Find the co-ordinates of the points of trisection of the line segment joining the points A(5, -3) and B(2, -9).

Let point P is the first point of trisection, meaning it divides the segment AB internally in the ratio m₁ : m₂ = 1 : 2

By section-formula,

(x, y) = $\Big(\dfrac{m$1x2 + m2x1}{m1 + m2}, \dfrac{m1y2 + m2y1}{m1 + m2}\Big)
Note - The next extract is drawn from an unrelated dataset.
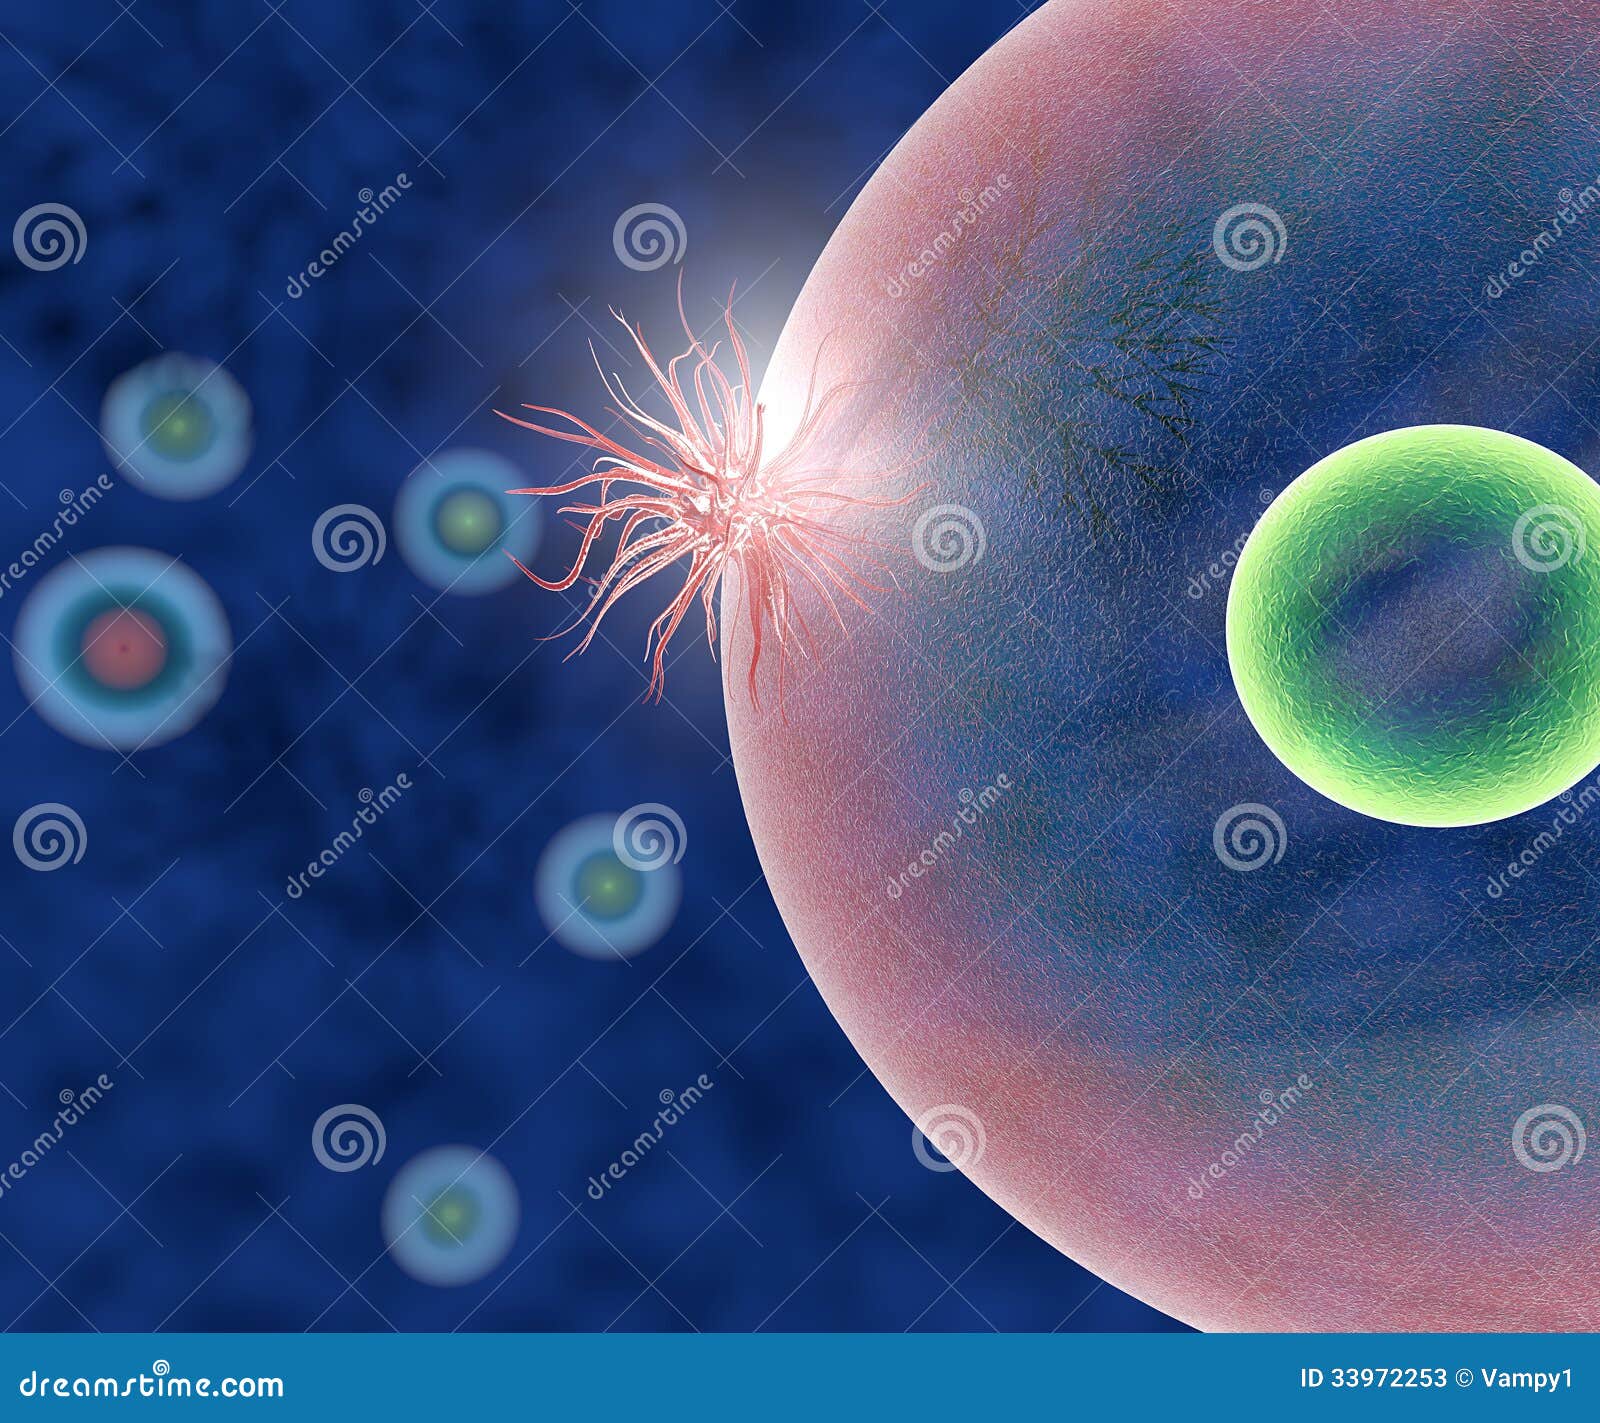 Атакующие клетки. Вирус атакует клетку. Здоровая клетка. Вирус атакует клетку картинка. Название клетки на которую нападает вирус.

Substituting values we get :

$\Rightarrow P(x, y) = \Big(\dfrac{1 \times 2 + 2 \times 5}{1 + 2}, \dfrac{1 \times -9 + 2 \times -3}{1 + 2}\Big) \\[1em] \Rightarrow P(x, y) = \Big(\dfrac{2 + 10}{3}, \dfrac{-9 - 6}{3}\Big) \\[1em] \Rightarrow P(x, y) = \Big(\dfrac{12}{3}, \dfrac{-15}{3}\Big) \\[1em] \Rightarrow P(x, y) = (4, -5).$

Let point Q is the second point of trisection, meaning it divides the segment AB internally in the ratio m₁ : m₂ = 2 : 1

Substituting values we get :

$\Rightarrow Q(a, b) = \Big(\dfrac{2 \times 2 + 1 \times 5}{2 + 1}, \dfrac{2 \times -9 + 1 \times -3}{2 + 1}\Big) \\[1em] \Rightarrow Q(a, b) = \Big(\dfrac{4 + 5}{3}, \dfrac{-18 - 3}{3}\Big) \\[1em] \Rightarrow Q(a, b) = \Big(\dfrac{9}{3}, \dfrac{-21}{3}\Big) \\[1em] \Rightarrow Q(a, b) = (3, -7).$

Hence, the coordinates of trisection are P(4, -5) and Q(3, -7).